• [EXERCISE DATA]:

--------------------------------

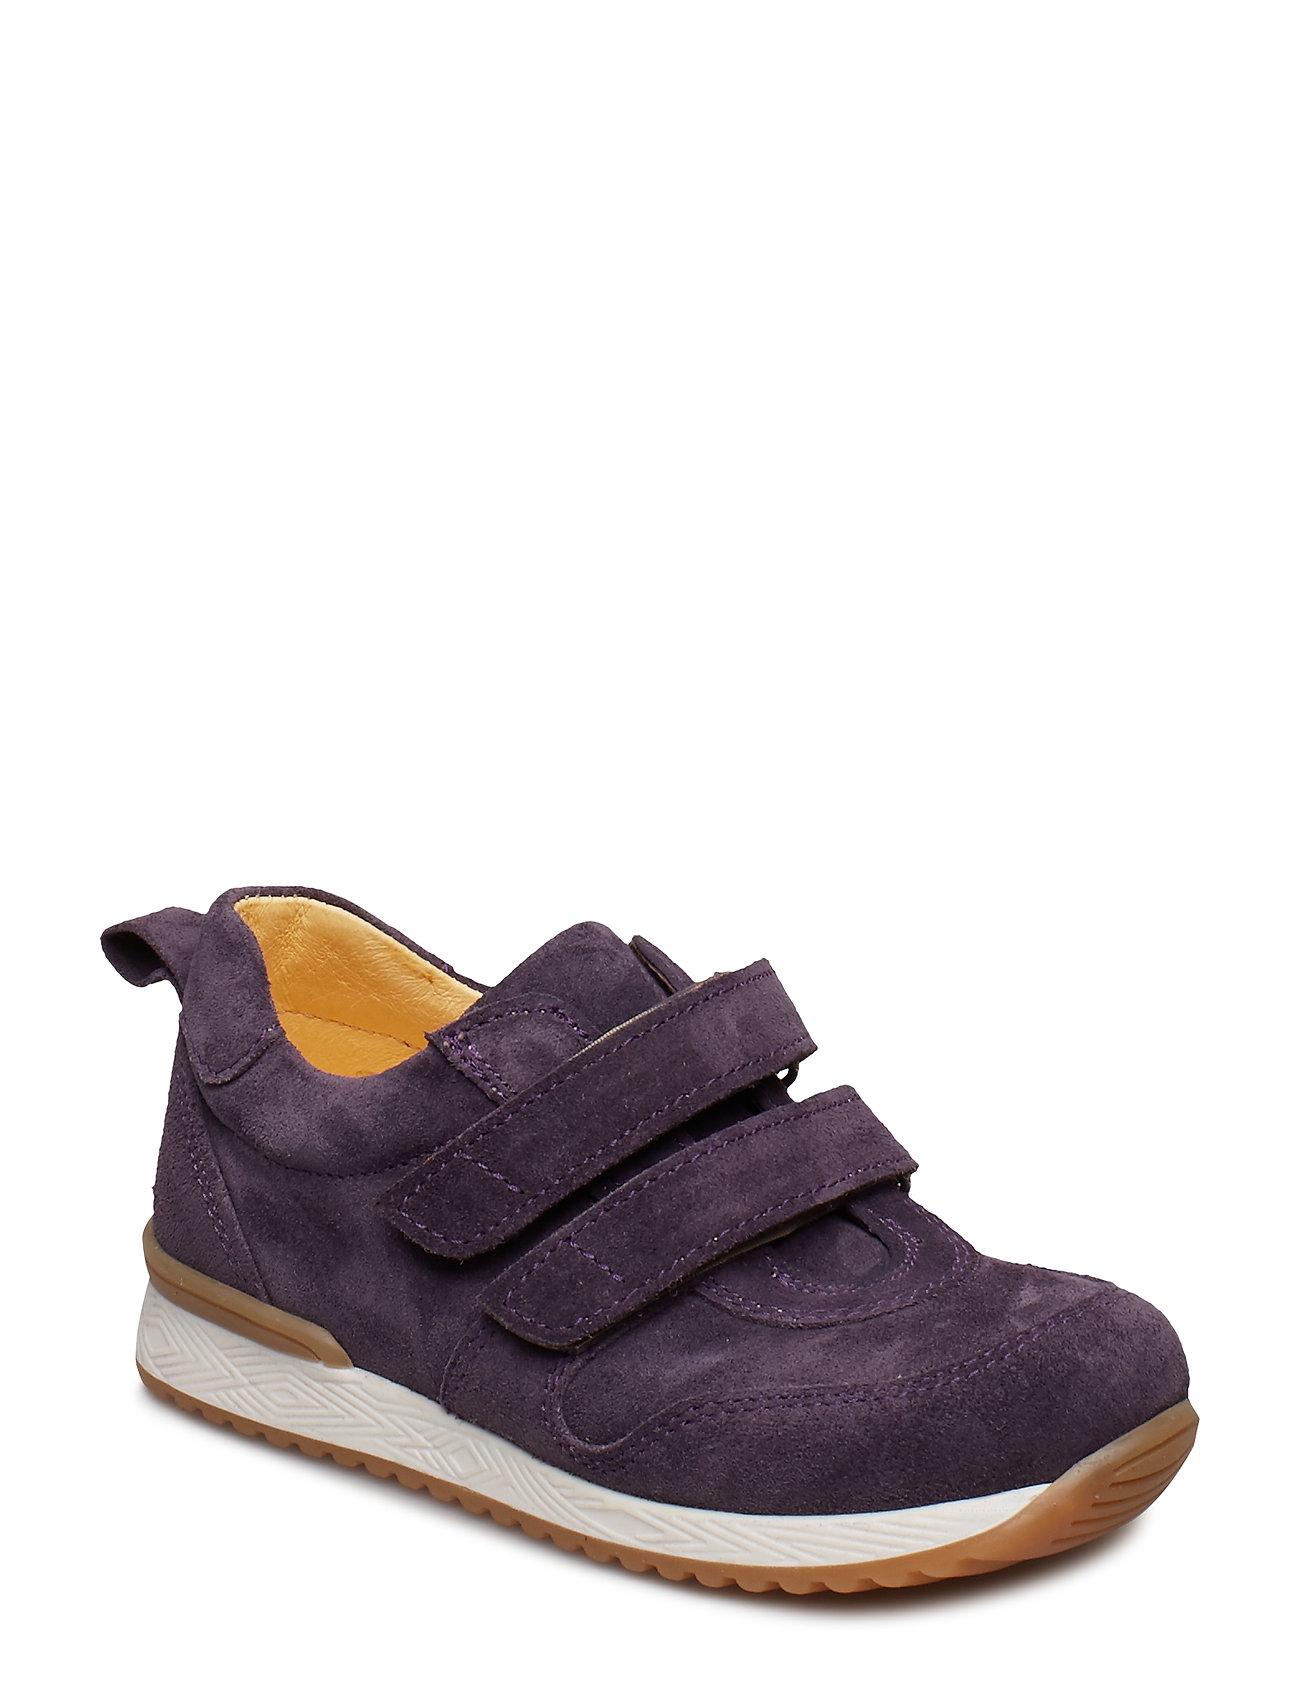 ANGULUS Shoes - flat - with velcro - 2203 DARK PURPLE
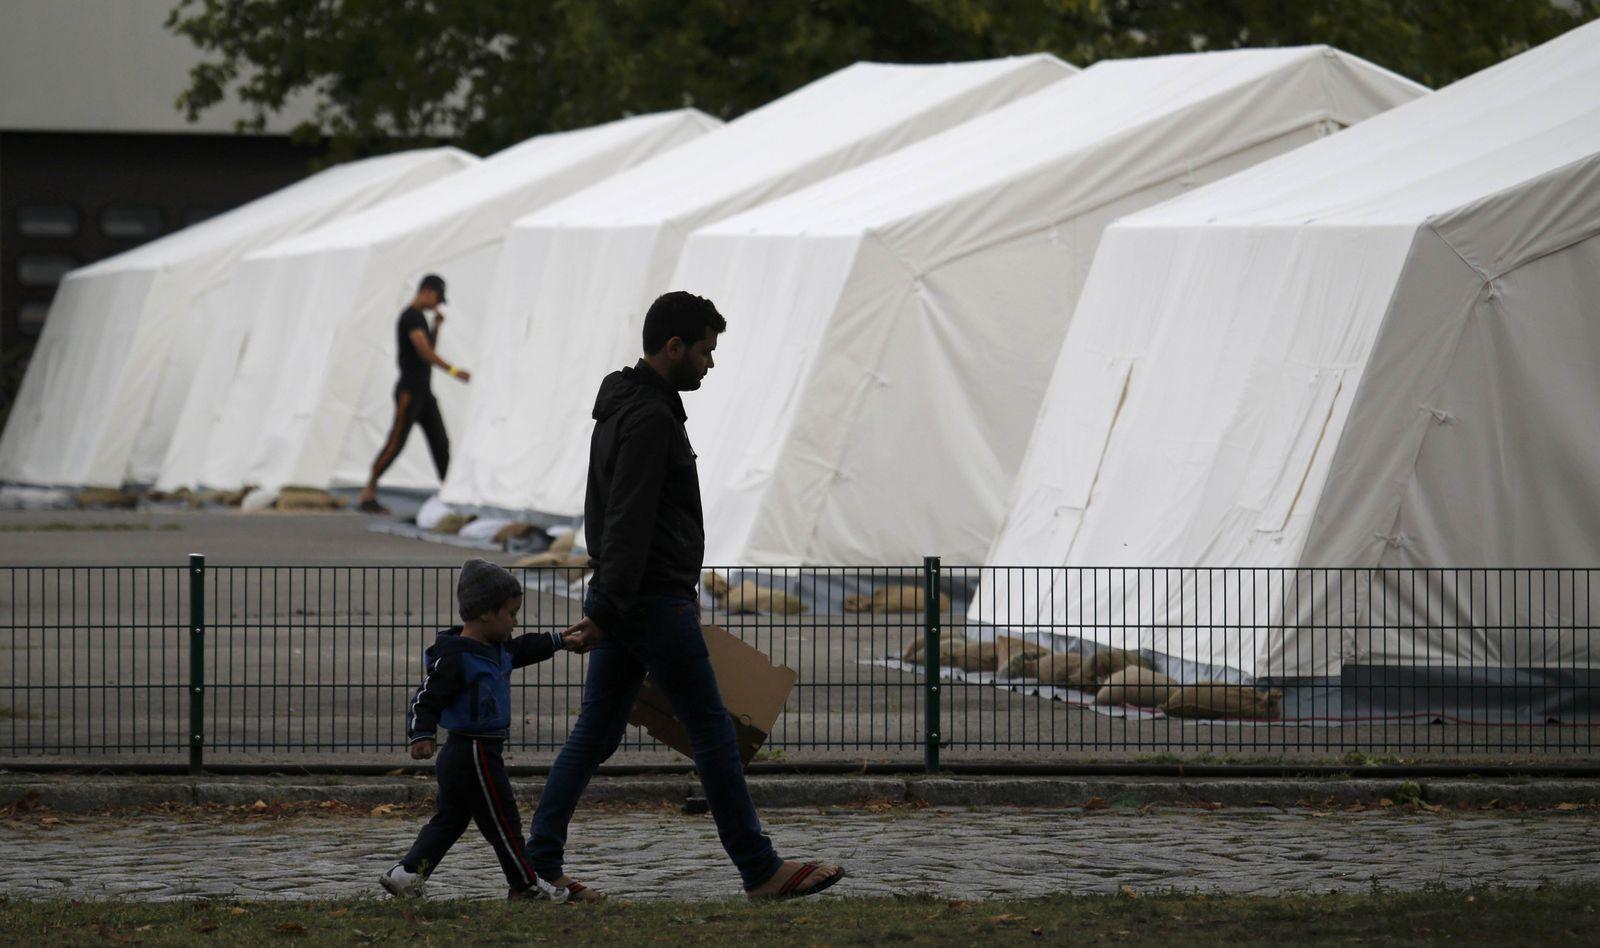 Deutschland/ Zelte/ Unterkunft/ Flüchtlinge
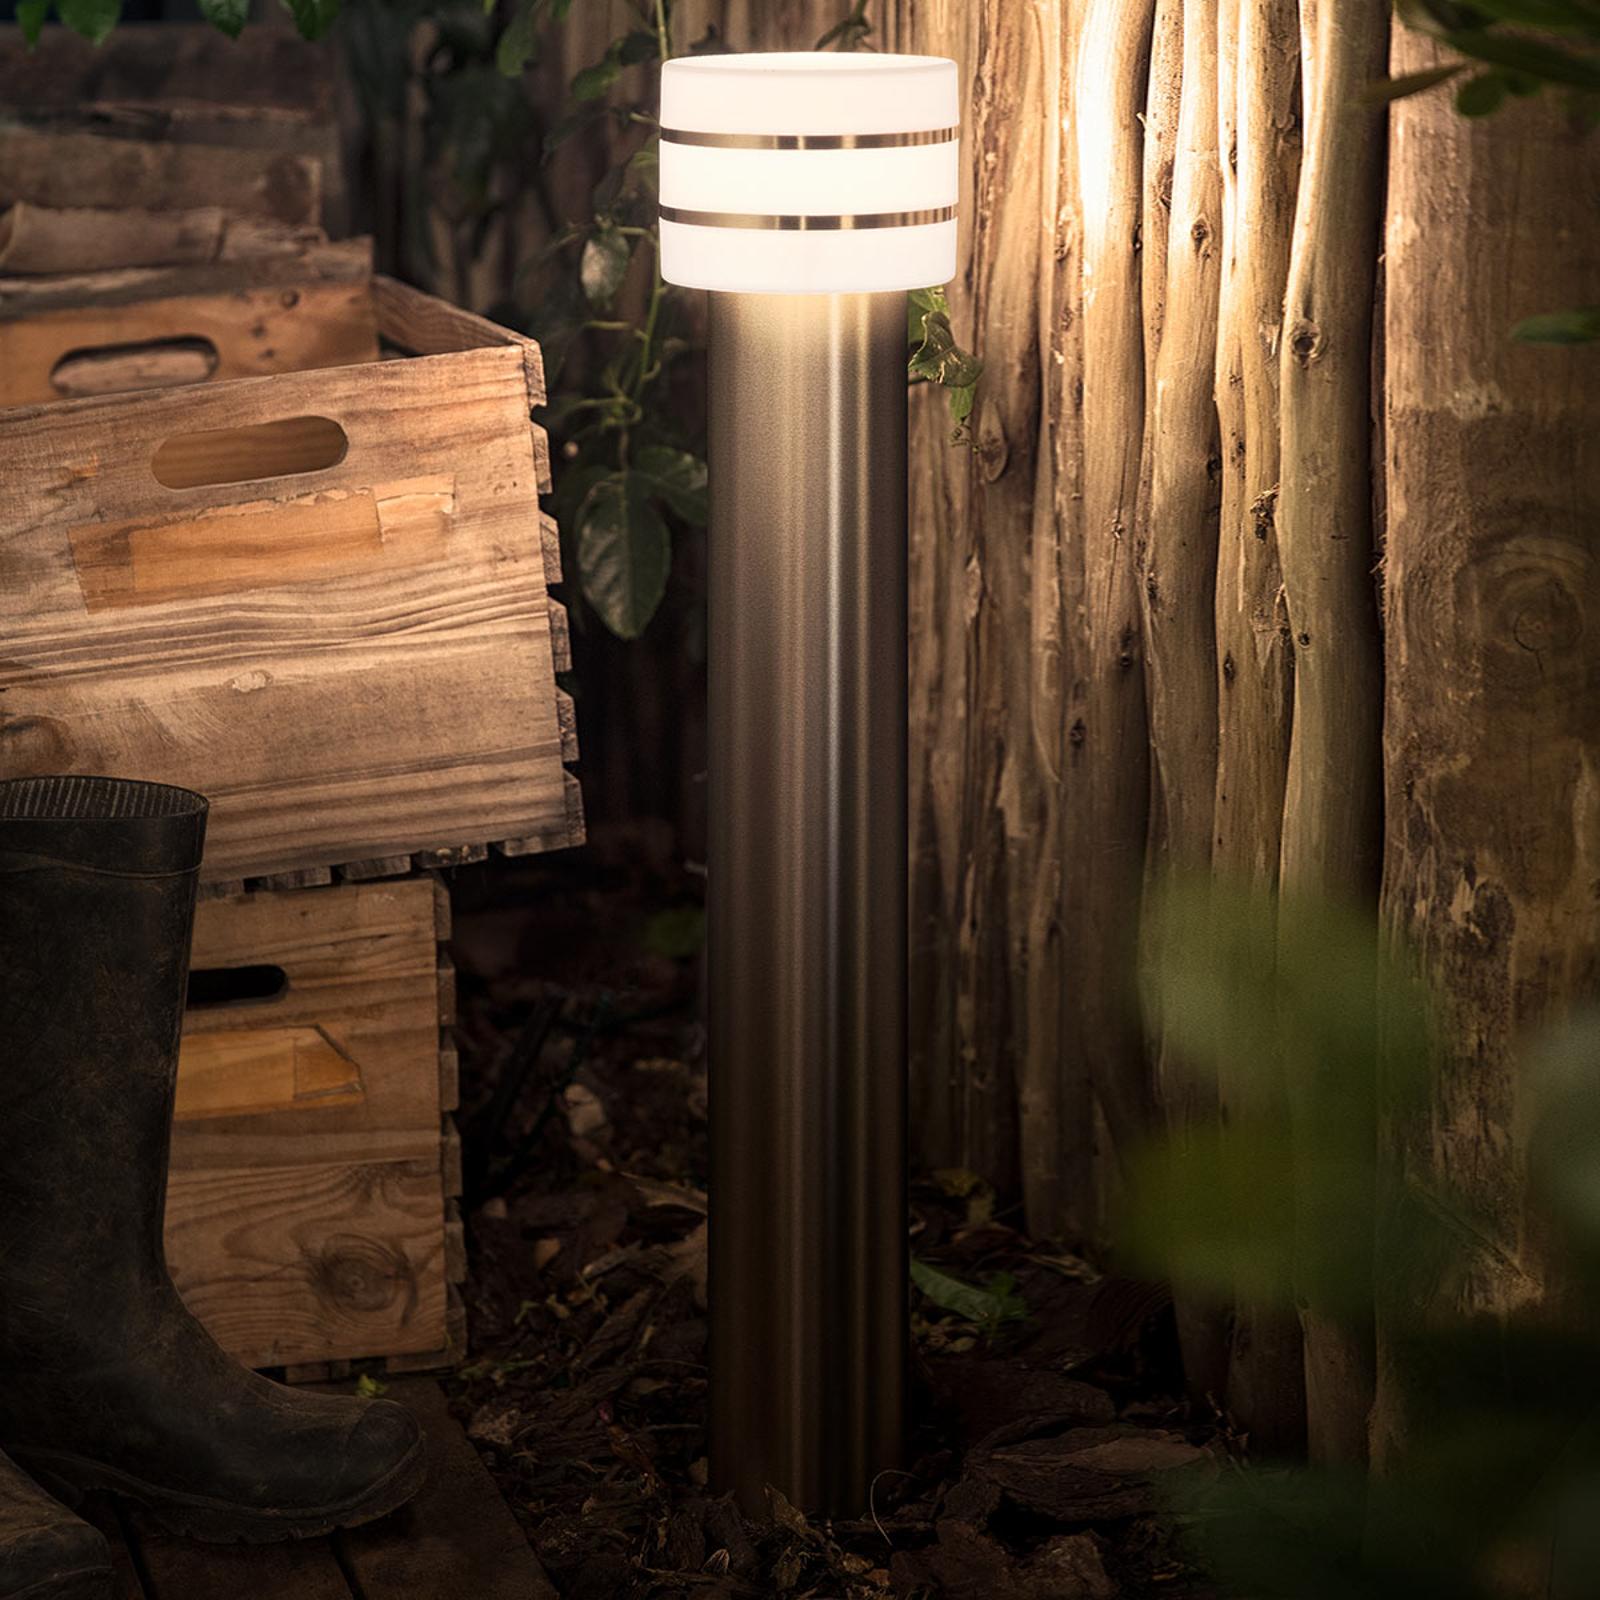 Philips Hue słupek ogrodowy LED Tuar
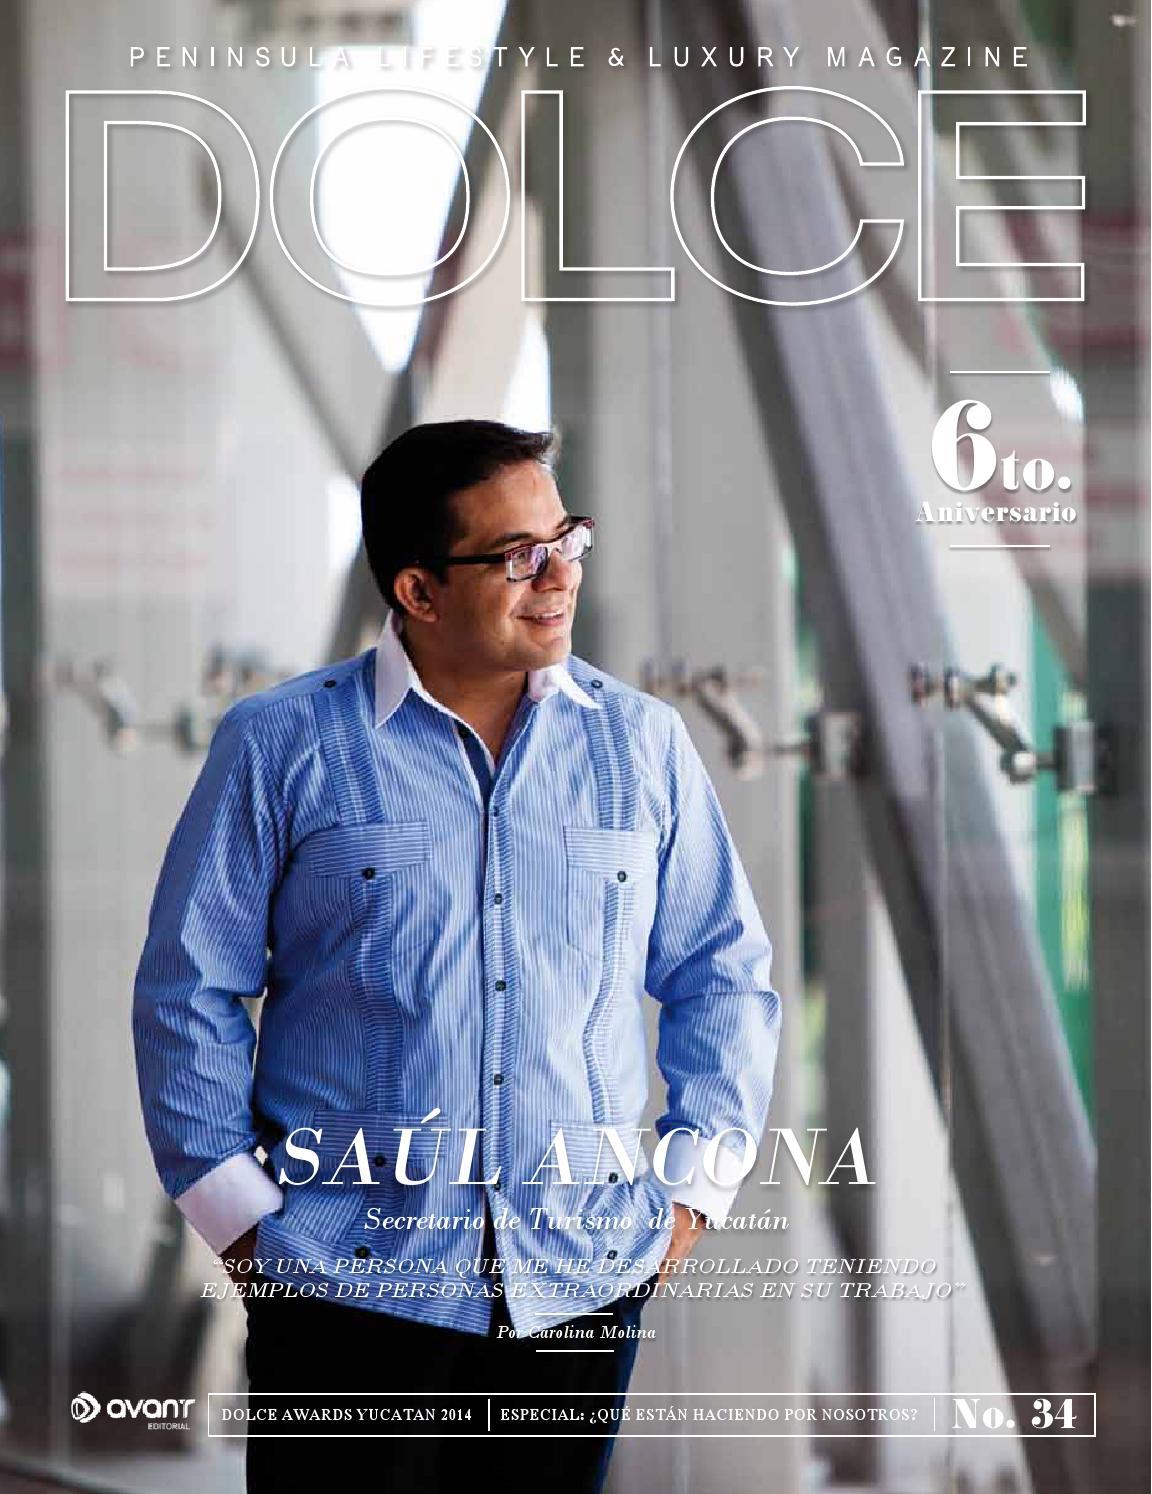 DOLCE magazine No.34 / 2014 \

--------------------------------

• [WORK ORDER]: Exactly as written, return each line above and leave the pictures behind.

• [RESULT OF THE EXERCISE]:
 ANGULUS Shoes - flat - with velcro - 2203 DARK PURPLE
 Deutschland/ Zelte/ Unterkunft/ Flüchtlinge
 Philips Hue słupek ogrodowy LED Tuar
 DOLCE magazine No.34 / 2014 \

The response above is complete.